Старик молчит. Греет руки меж острых колен. Я жду ответа. Папа поворачивает заросшую седой щетину голову, некоторое время смотрит на соседа, потом отворачивается.
Старик медленно поднимается и, опираясь на спинки кроватей, ковыляет к своей койке.
– Что же ты спрашиваешь? – вырывается у меня, – Разве можно сейчас такое спрашивать?
– Помнится, жил на Карповке, – как-то невпопад роняет папа. – Трое детей…
Среди многообразных звуков – стонов, ругани, бессвязного бормотания умирающих, глухих, тусклых и унылых голосов – меня уже несколько дней удивляет и привлекает громкий и уверенный бас справа. Он перекрывает остальные голоса и шумы в палате не только мощью своих голосовых связок, но и бодрыми оптимистическими интонациями и главное – сутью. До меня долетают обрывки фраз, кажущихся чем-то невероятным в этой обстановке.
– Нет, это не так! – уверенно и авторитетно утверждает голос. – Джотто родился значительно раньше Леонардо. Лет на двести. Джотто стоял у истоков раннего Ренессанса. Его воспитывали такие литературные титаны, как Данте, Петрарка, Боккаччо. Король обращался с ним, как с равным. Это была крупная фигура. Но он был пигмеем по сравнению с Леонардо, который…
– Папа, кто это?
– Это архитектор Шольп, друг того, который сошел с ума.
– Ты можешь меня довести до него?
Я спускаю ноги с койки и с папиной помощью, держась за спинки кроватей, дохожу до Шольпа. Вокруг него, как всегда, несколько человек, ловящих каждое его слово.
Шольп поворачивается ко мне. У него интересное лицо, умные серые глаза, густая шевелюра и вообще он не похож на дистрофика.
– А вот и мальчик пришел нас послушать, – говорит он приветливо, как будто мы с ним знакомы, – Ты школьник?
– Да.
– А чем ты увлекаешься?
Дикий вопрос… Чем увлекаюсь?.. Хлебом увлекаюсь. Кашей… Берегу тепло… Маме сахар коплю… Вот на ноги встал… Здесь моя мысль обрывается, и я тупо молчу.
– Он рисует, – вмешивается папа. – До войны занимался лепкой во Дворце пионеров.
– Вот как? – оживляется Шольп. – Так ты хочешь стать скульптором?
Нет, он определенно ненормальный. Такой же, как его друг «Петр Великий»…
Хочу ли я стать скульптором? Я выжить хочу. Хочу сил набраться. Чтобы ноги ходили, а ногти не нарывали и не сходили с пальцев. Чтобы все мои родные выжили среди этого ада. Чтобы хлеба прибавили. И чтобы кончилась война…

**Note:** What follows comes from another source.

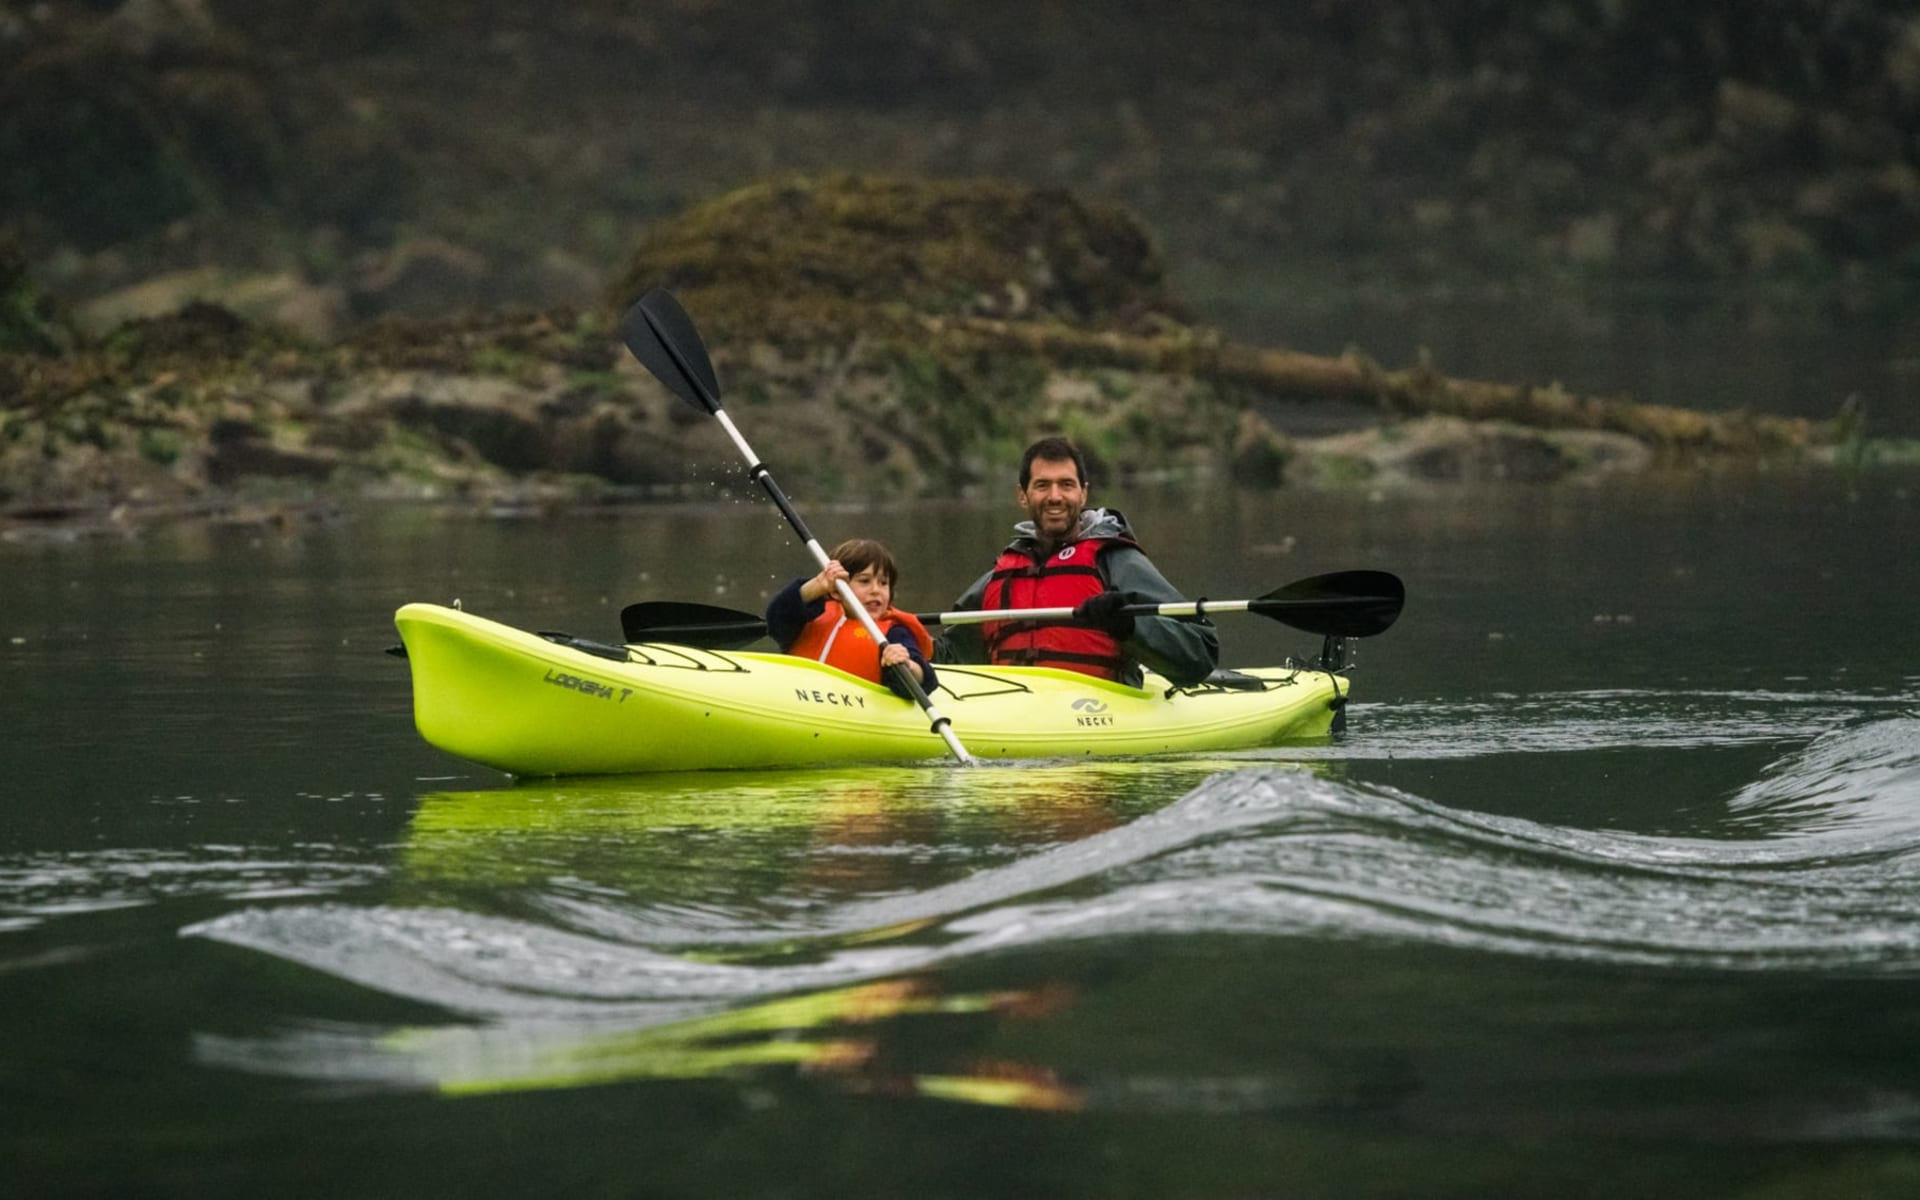 Bärenbeobachtung Farewell Lodge ab Vancouver Island: activities: Farewell Lodge - Kayaking

– Значит, мы с тобой коллеги, – уверенно объявляет Шольп. – Скульптура и архитектура – родные сестры, у которых одна общая мать – искусство.
Он, конечно, ненормальный, но поток его речи чарует и захватывает. И я сижу, открыв рот, ловлю каждое его слово.
– Ты бывал в Эрмитаже?
– Много раз. У нас от дворца там был кружок по искусству. Нас водила по залам и рассказывала о скульптуре… Жаннета Андреевна Мацулевич. Удивительное дело! Из каких уголков памяти прорвалось это имя? Почему тут же поплыли перед глазами стройная торжественная колоннада, боковой яркий свет из широких окон на Неву и беломраморные статуи над широкой парадной лестницей? Как давно это было? В далеком детстве? Или всего год назад?..
– Кого из скульпторов ты любишь?
– Канову.
Вокруг нас собирается ходячий народ. До обеда еще далеко, а голос Шольпа как магнитом притягивает каждого, кто имеет уши. Я тоже весь во власти его гипноза – иначе это не назовешь, но при этом замечаю странность: живое лицо, «довоенная» мимика, убедительная жестикуляция больших красивых рук и полная неподвижность от пояса. Что-то с ногами?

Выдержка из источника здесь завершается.